# The conductor never scanned my ticket



## MARC Rider (Jun 23, 2014)

It was a bit crowded on NER 188 out of DC this evening, and no conductor came through to scan our tickets, at least up until Baltimore, where I got off. What does this mean now that we have e-ticketing? In the "good old days," if I were going to be dishonest (not me!  ), I could taken the unused ticket to a ticket agent and gotten a refund, or reissue for another train. From what I understand about e-tickets, if you're a 'no-show,' you forfeit the ticket and the fare. By not getting scanned, does Amtrak think I was a no-show, or is their computer programmed to think that I took the ride I paid for. For all practical purposes, it doesn't matter, because I took the trip, but I wonder whether I will be credited for the AGR points on the ride, or will I have to enter them manually into the AGR website?


----------



## Acela150 (Jun 23, 2014)

Since it wasn't scanned when the conductor hit that "All done" button.. That was it for your ressy.. I have found that when going on short trips try to sit at the back of the train where a conductor will come to scan quicker as they have to clear the platform from the rear of the train.


----------



## the_traveler (Jun 23, 2014)

If the e-ticket was not scanned, then no you will not get AGR points.  But there is a key on the conductor's scanner where s/he can "scan" every ticket from that station. If it was as crowded as you said, it's possible that s/he did this and you were "scanned" - and you will earn AGR points!


----------



## Acela150 (Jun 23, 2014)

You'll find out soon.


----------



## TinCan782 (Jun 23, 2014)

Call AGR and explain the situation...you'll need the reservation number and other info. I did that once and got the points added right away. The assistant conductor came through the business car and wrote down our reservation numbers. Nothing got scanned!


----------



## Acela150 (Jun 23, 2014)

Not sure why he didn't just scan them.. Easier and quicker then writing down every ressy number. But some people have done things in a silly way.


----------



## TinCan782 (Jun 23, 2014)

Acela150 said:


> Not sure why he didn't just scan them.. Easier and quicker then writing down every ressy number. But some people have done things in a silly way.

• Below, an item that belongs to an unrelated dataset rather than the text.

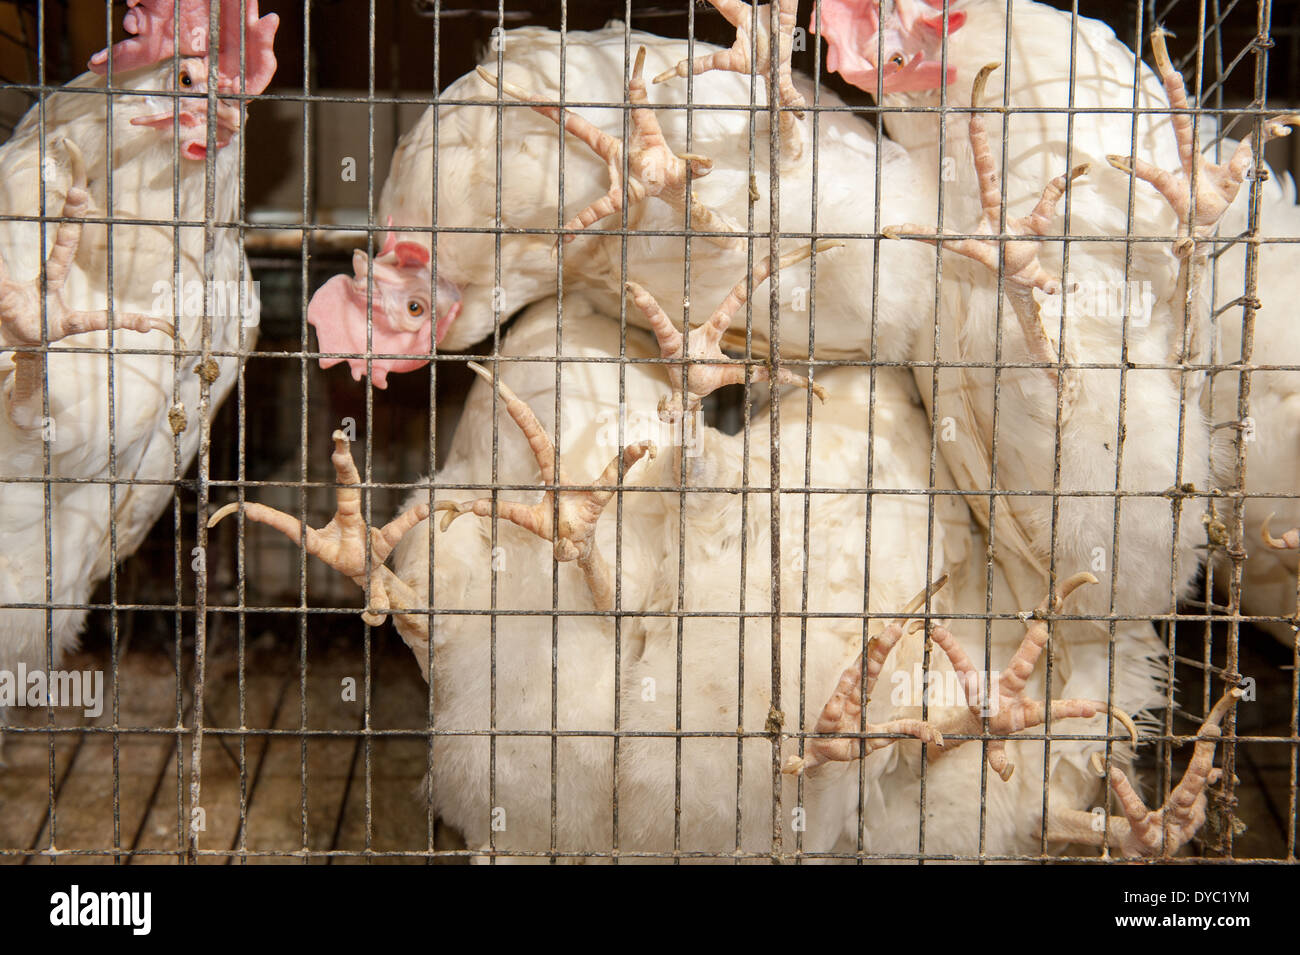 Polli in gabbia immagini e fotografie stock ad alta risoluzione - Alamy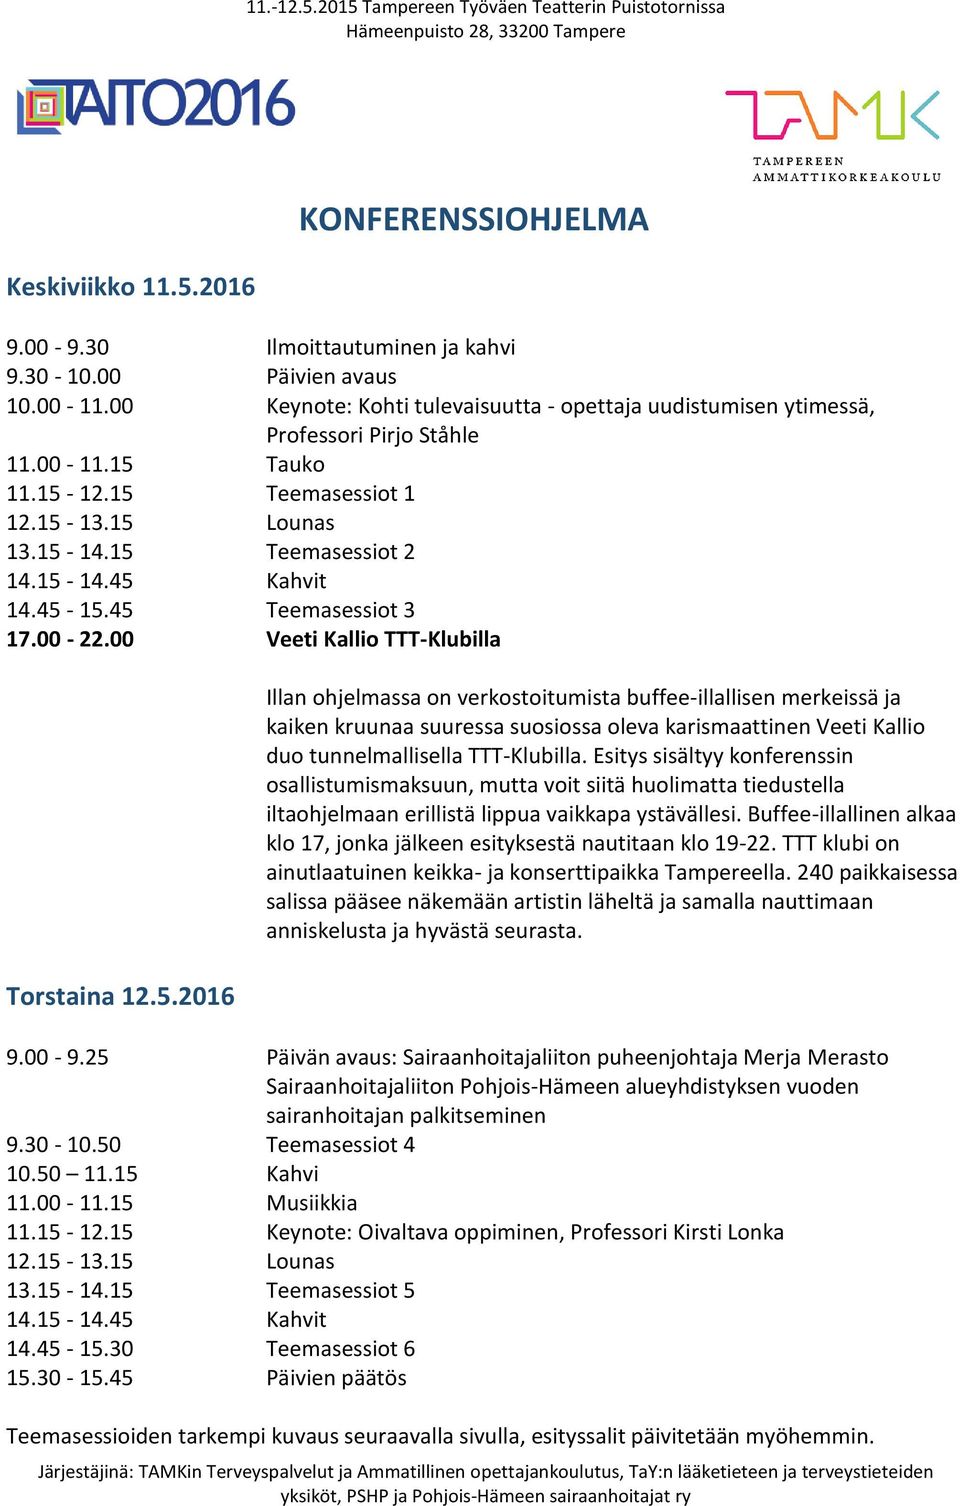 45-15.45 Teemasessiot 3 17.00-22.00 Veeti Kallio TTT-Klubilla Torstaina 12.5.2016 Illan ohjelmassa on verkostoitumista buffee-illallisen merkeissä ja kaiken kruunaa suuressa suosiossa oleva karismaattinen Veeti Kallio duo tunnelmallisella TTT-Klubilla.

That was in the early days of eTickets...most of us had paper tickets. The point is, call AGR!


----------



## Acela150 (Jun 23, 2014)

FrensicPic said:


> Acela150 said:
> 
> 
> > Not sure why he didn't just scan them.. Easier and quicker then writing down every ressy number. But some people have done things in a silly way.
> ...


Even in those days it was easier to scan and then punch to cancel them. I rode 642 when eTickets were debuting.. I asked the conductor if he's ready for the change over. He said yes but wasn't looking forward to the folks with current paper tickets it at the time make a little more paperwork. I rode 86 same day. 175 next day. someone who bought a ticket online for the trip was a print at home paper ticket. I was stunned to see a eTicket already.


----------



## TinCan782 (Jun 23, 2014)

Regardless of what may or may not be correct, that particular time, he wrote everyone's (the whole car) reservation number on a piece of paper to enter at a later time. Don't know why, that's what he did and as a result, my ticket was not lifted.

That said, I've boarded a sleeper and never produced a ticket, the conductor verified our name and we were good to go!


----------



## Railroad Bill (Jun 24, 2014)

We have had two instances in the past year where our ticket was not scanned when boarding in sleeper. On the LSL to NYP there was no scan and I later learned our trip had been registered as a no-show. I called AGR and explained what happened and that I could prove I was on the train. They gave me the points.

This last trip we were using points but our trip from TOL to ABQ could have been in danger if the TOL-CHI initial part had been recorded as no-show and therefore the CHI-ABQ section on the SWC automatically would have been cancelled as well. I sought out the conductor (who was in the lounge car) on the CL and made sure our ticket had been recorded. He assured me the ticket had been recorded but I had him scan it anyway just to be safe.

It seems like the conductors get a bit lazy about making contact with all on board passengers and with the current E-ticket rules should make an effort to get to all passengers in all cars to see the tickets are actually scanned.


----------



## Acela150 (Jun 24, 2014)

FrensicPic said:


> Regardless of what may or may not be correct, that particular time, he wrote everyone's (the whole car) reservation number on a piece of paper to enter at a later time. Don't know why, that's what he did and as a result, my ticket was not lifted.
> 
> That said, I've boarded a sleeper and never produced a ticket, the conductor verified our name and we were good to go!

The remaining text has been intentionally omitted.